Prograde and Retrograde Gas Flow around Disk-embedded Companions: Dependence on Eccentricity, Mass, and Disk Properties

We apply 3D hydrodynamical simulations to study the rotational aspect of gas flow patterns around eccentric companions embedded in an accretion disk. We sample a wide range of companion mass ratios q and disk aspect ratios h0, and confirm a generic transition from prograde (steady tidal interaction dominated) to retrograde (background Keplerian shear dominated) circumcompanion flow when orbital eccentricity exceeds a critical value et. We find et ∼ h0 for subthermal companions while ${e}_{t}\sim {(q/{h}_{0}^{3})}^{1/3}$ for superthermal companions, and propose an empirical formula to unify the two scenarios.

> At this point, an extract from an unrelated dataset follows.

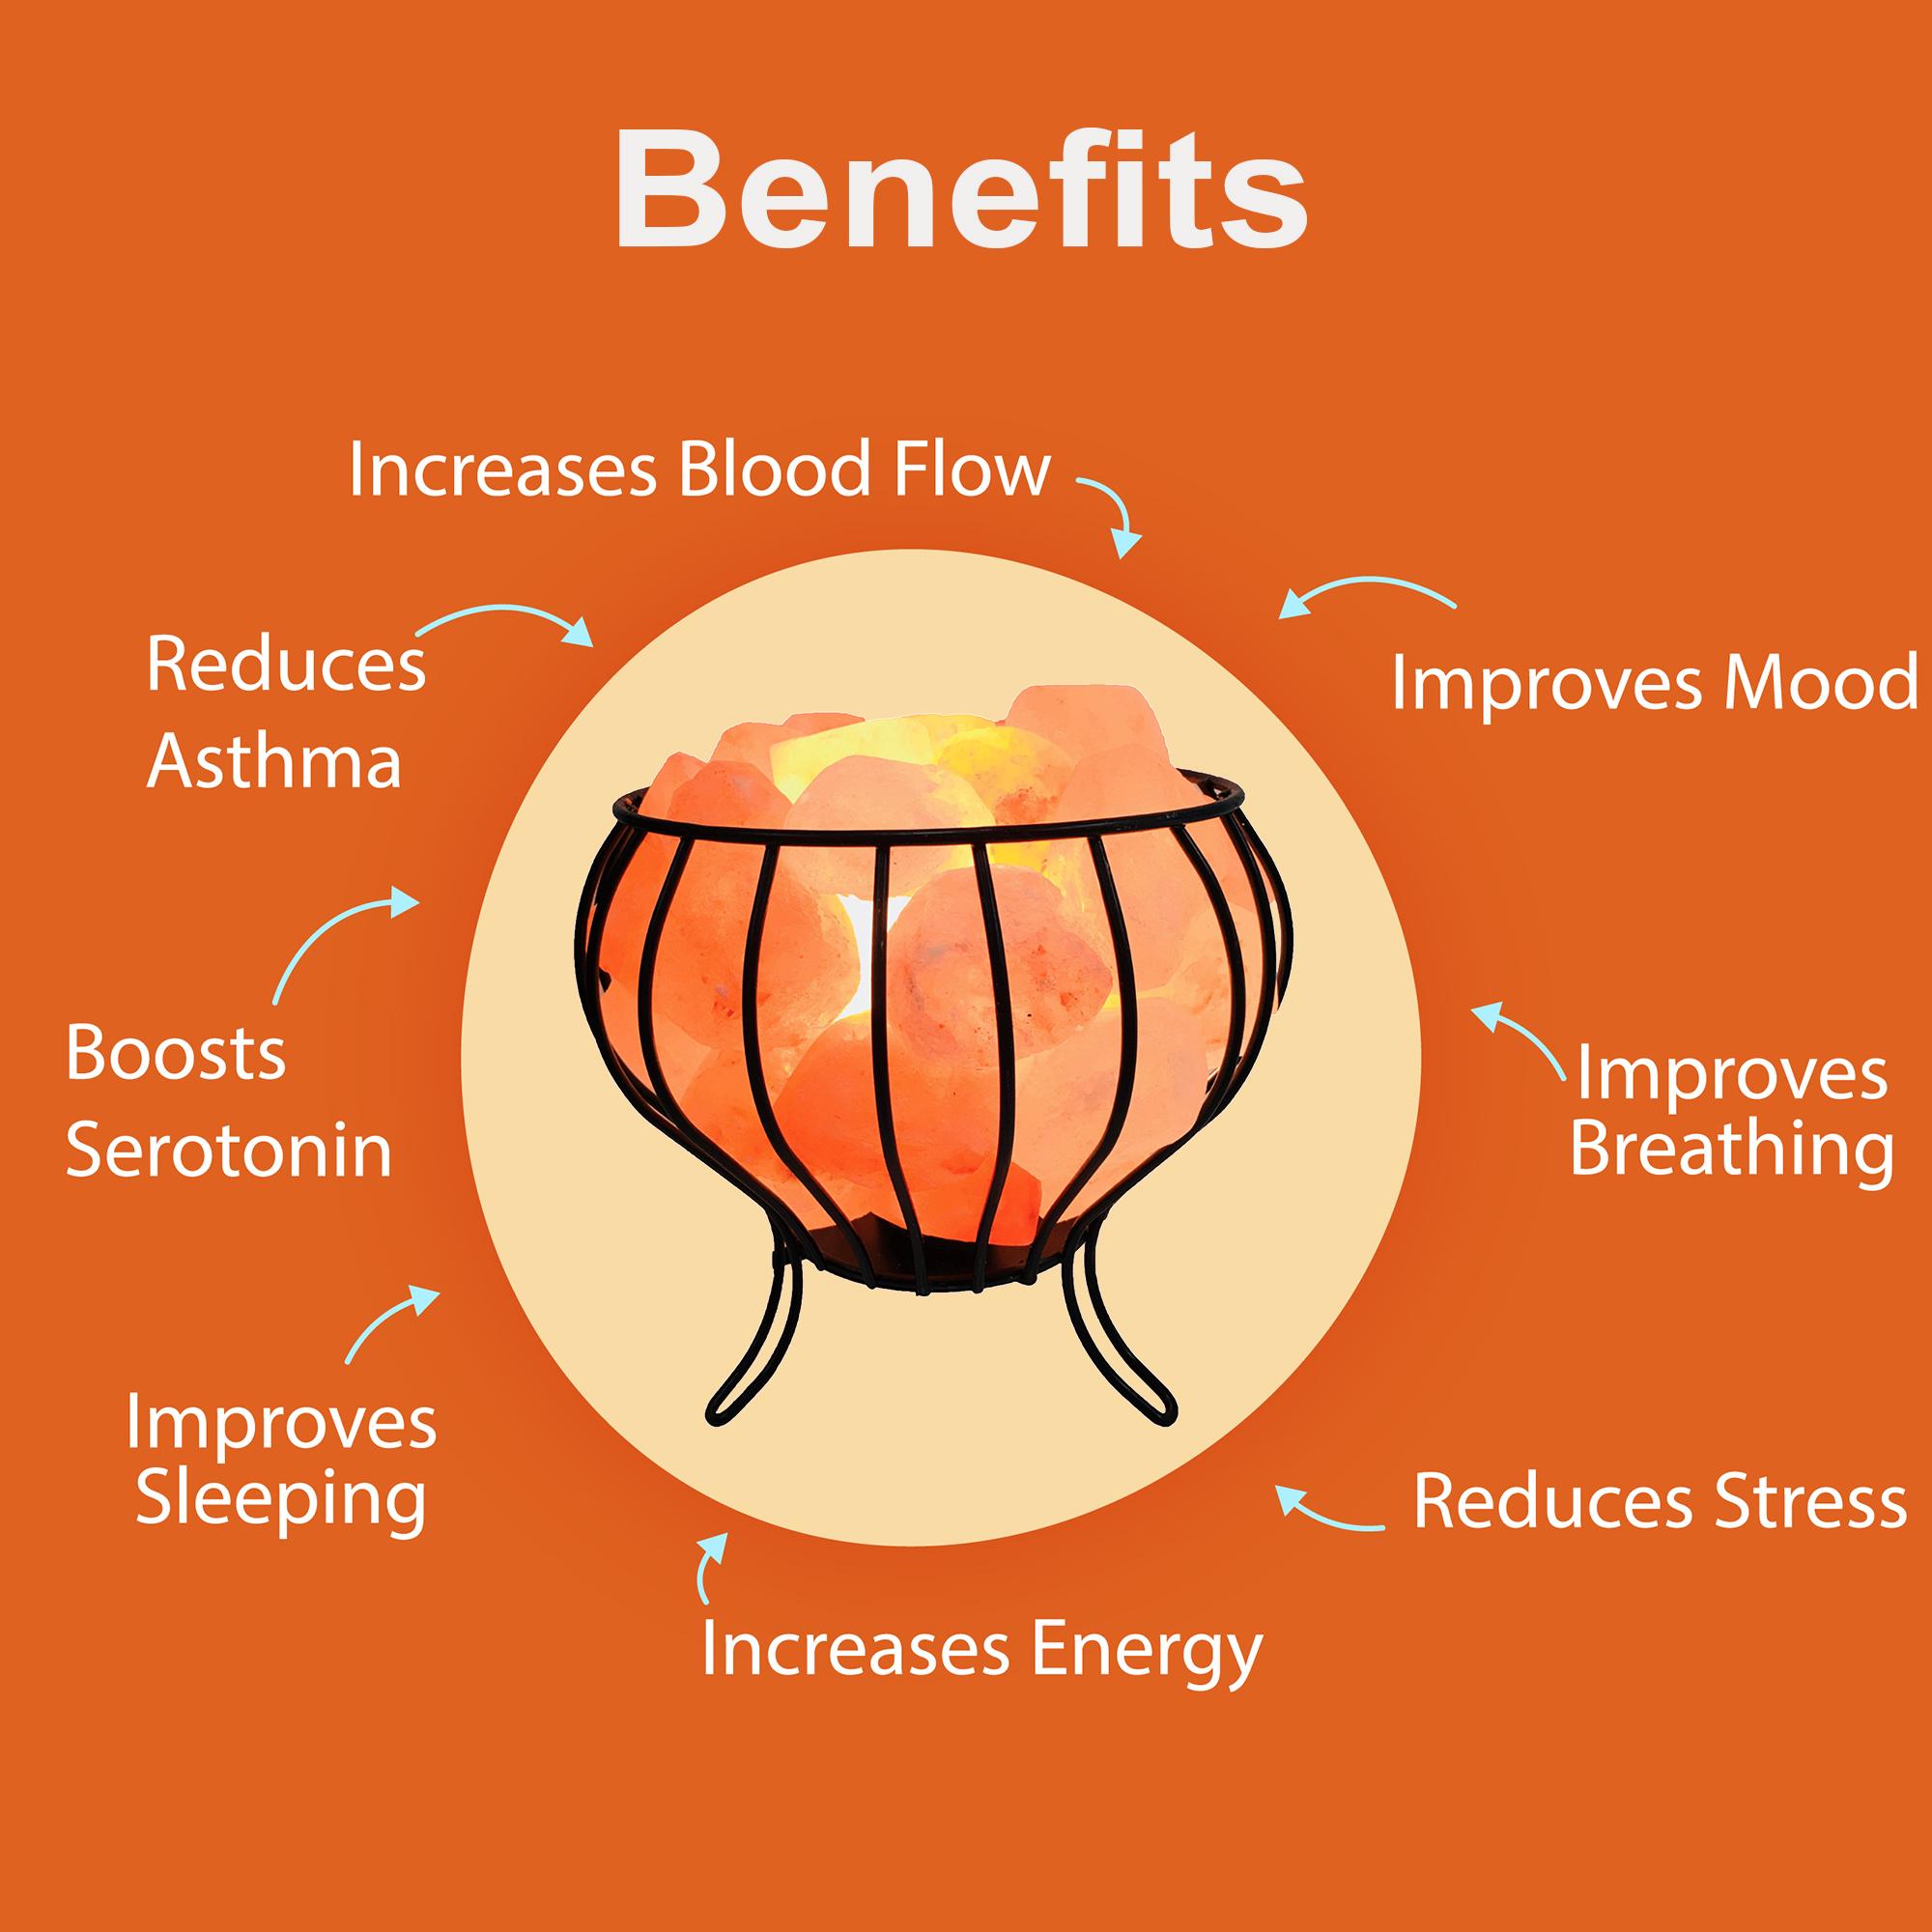 7 benefits 63 - Saltpur Himalayan Salts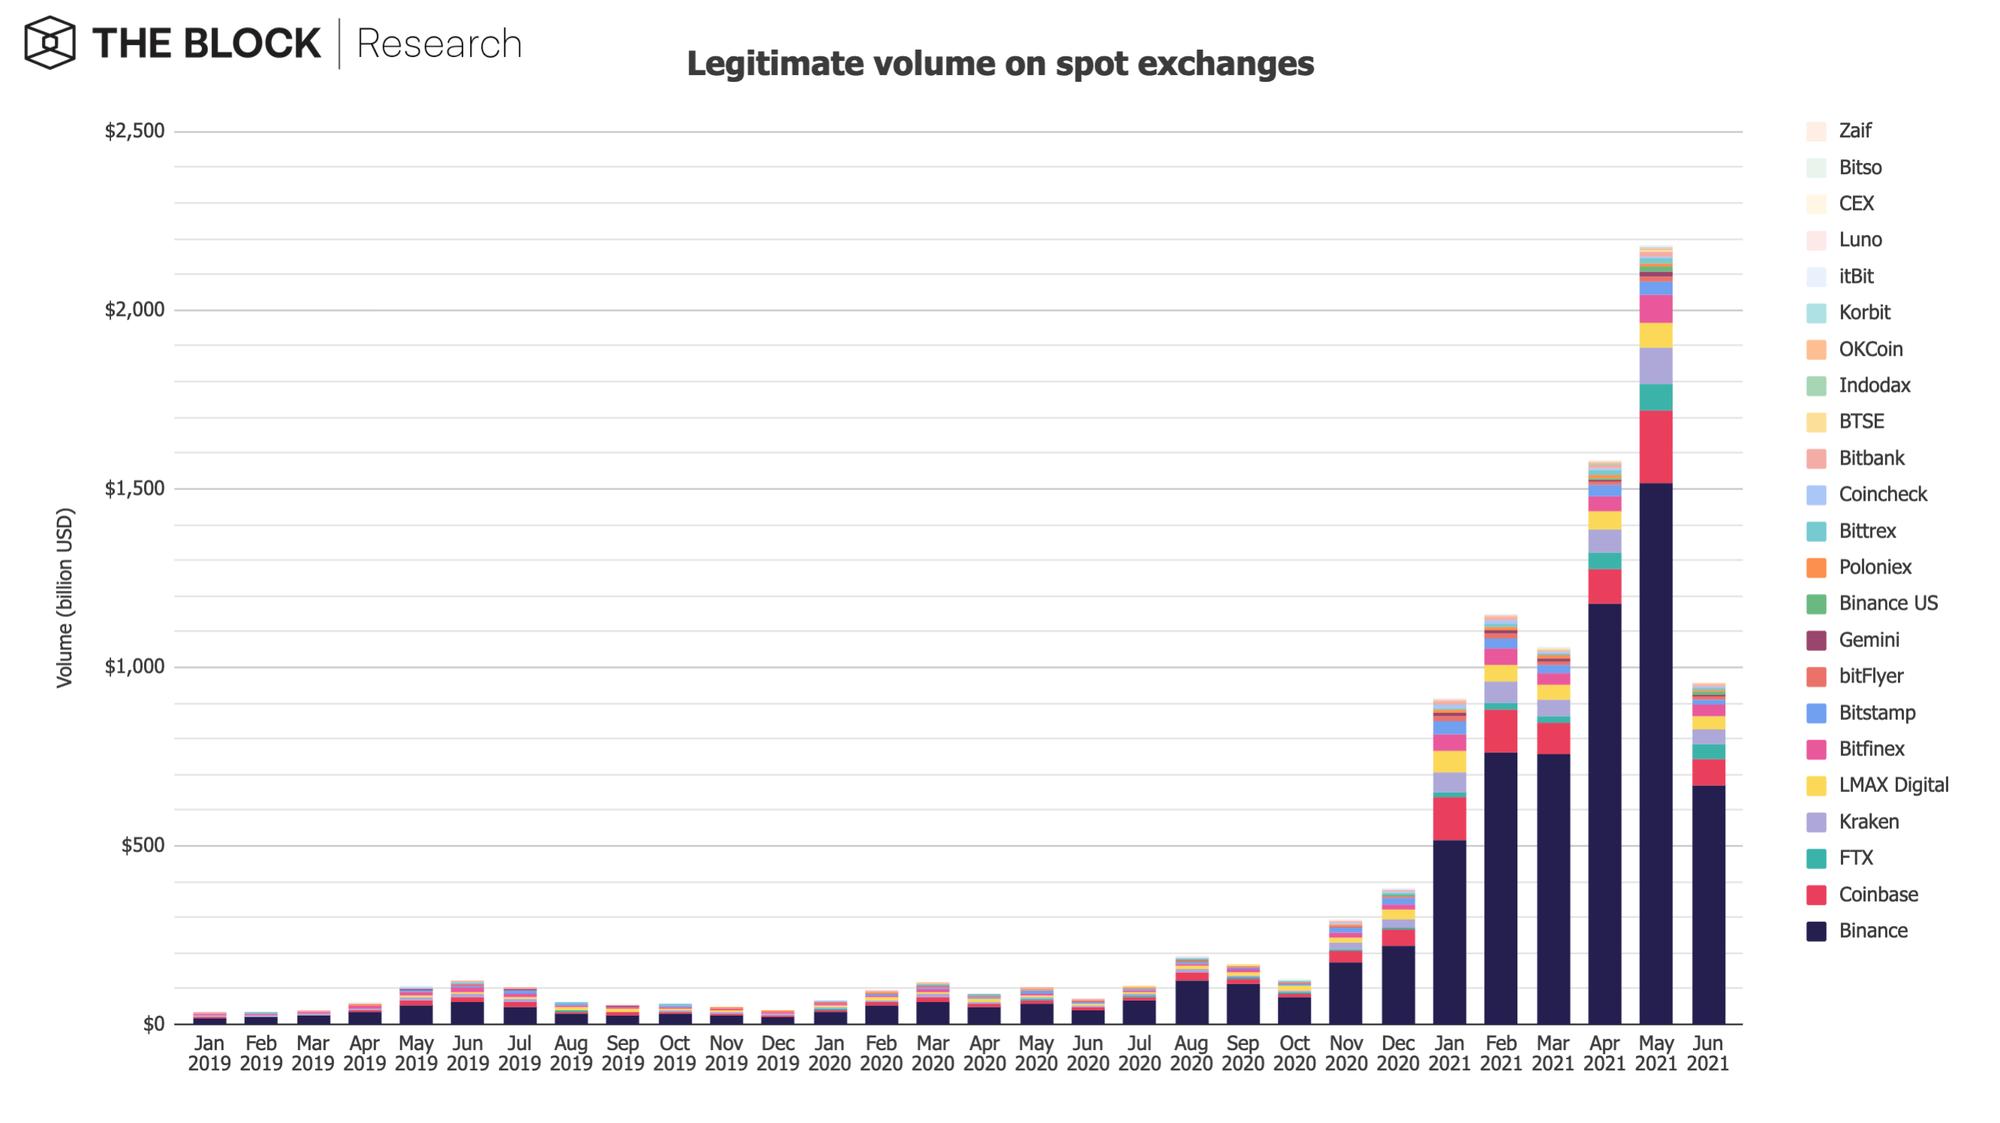 Khối lượng giao dịch tiền kỹ thuật số trên các sàn giao dịch. (Nguồn: The Block).

Our results also suggest that et is insensitive to modest levels of turbulence, modeled in the form of a kinematic viscosity term. In the context of stellar-mass black holes (sBHs) embedded in active galactic nucleus (AGN) accretion disks, the bifurcation of their circumstellar disk rotation suggests the formation of a population of nearly antialigned sBHs, whose relevance to low spin gravitational wave events can be probed in more detail with future population models of sBH evolution in AGN disks, making use of our quantitative scaling for et; in the context of circumplanetary disks (CPDs), our results suggest the possibility of forming retrograde satellites in situ in retrograde CPDs around eccentric planets.